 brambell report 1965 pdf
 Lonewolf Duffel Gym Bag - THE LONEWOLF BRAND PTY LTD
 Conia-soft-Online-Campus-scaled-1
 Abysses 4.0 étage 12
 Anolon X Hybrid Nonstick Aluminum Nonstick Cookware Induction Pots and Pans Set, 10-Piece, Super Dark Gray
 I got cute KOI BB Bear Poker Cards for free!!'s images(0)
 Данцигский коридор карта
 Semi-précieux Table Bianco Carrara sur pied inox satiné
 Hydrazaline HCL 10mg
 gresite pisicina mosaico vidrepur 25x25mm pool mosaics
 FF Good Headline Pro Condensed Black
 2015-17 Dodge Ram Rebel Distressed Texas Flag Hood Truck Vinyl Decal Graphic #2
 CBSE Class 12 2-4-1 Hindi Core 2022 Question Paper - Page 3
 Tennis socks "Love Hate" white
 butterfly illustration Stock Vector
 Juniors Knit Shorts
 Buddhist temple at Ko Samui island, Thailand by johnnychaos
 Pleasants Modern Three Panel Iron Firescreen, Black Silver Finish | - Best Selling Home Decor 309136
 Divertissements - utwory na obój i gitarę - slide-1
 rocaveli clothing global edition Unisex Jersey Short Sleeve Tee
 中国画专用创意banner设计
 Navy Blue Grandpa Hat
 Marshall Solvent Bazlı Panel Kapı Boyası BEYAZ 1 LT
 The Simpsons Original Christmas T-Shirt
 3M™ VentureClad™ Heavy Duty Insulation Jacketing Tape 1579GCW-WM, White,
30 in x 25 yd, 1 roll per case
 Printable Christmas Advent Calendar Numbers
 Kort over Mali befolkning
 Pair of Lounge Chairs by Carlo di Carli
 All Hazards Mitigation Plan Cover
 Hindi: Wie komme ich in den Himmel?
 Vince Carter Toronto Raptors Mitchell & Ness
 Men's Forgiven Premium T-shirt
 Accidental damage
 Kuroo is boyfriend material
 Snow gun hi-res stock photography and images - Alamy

• TASK
Repeat the whole listing exactly, keeping every line intact.

• ANSWER
 brambell report 1965 pdf
 Lonewolf Duffel Gym Bag - THE LONEWOLF BRAND PTY LTD
 Conia-soft-Online-Campus-scaled-1
 Abysses 4.0 étage 12
 Anolon X Hybrid Nonstick Aluminum Nonstick Cookware Induction Pots and Pans Set, 10-Piece, Super Dark Gray
 I got cute KOI BB Bear Poker Cards for free!!'s images(0)
 Данцигский коридор карта
 Semi-précieux Table Bianco Carrara sur pied inox satiné
 Hydrazaline HCL 10mg
 gresite pisicina mosaico vidrepur 25x25mm pool mosaics
 FF Good Headline Pro Condensed Black
 2015-17 Dodge Ram Rebel Distressed Texas Flag Hood Truck Vinyl Decal Graphic #2
 CBSE Class 12 2-4-1 Hindi Core 2022 Question Paper - Page 3
 Tennis socks "Love Hate" white
 butterfly illustration Stock Vector
 Juniors Knit Shorts
 Buddhist temple at Ko Samui island, Thailand by johnnychaos
 Pleasants Modern Three Panel Iron Firescreen, Black Silver Finish | - Best Selling Home Decor 309136
 Divertissements - utwory na obój i gitarę - slide-1
 rocaveli clothing global edition Unisex Jersey Short Sleeve Tee
 中国画专用创意banner设计
 Navy Blue Grandpa Hat
 Marshall Solvent Bazlı Panel Kapı Boyası BEYAZ 1 LT
 The Simpsons Original Christmas T-Shirt
 3M™ VentureClad™ Heavy Duty Insulation Jacketing Tape 1579GCW-WM, White,
30 in x 25 yd, 1 roll per case
 Printable Christmas Advent Calendar Numbers
 Kort over Mali befolkning
 Pair of Lounge Chairs by Carlo di Carli
 All Hazards Mitigation Plan Cover
 Hindi: Wie komme ich in den Himmel?
 Vince Carter Toronto Raptors Mitchell & Ness
 Men's Forgiven Premium T-shirt
 Accidental damage
 Kuroo is boyfriend material
 Snow gun hi-res stock photography and images - Alamy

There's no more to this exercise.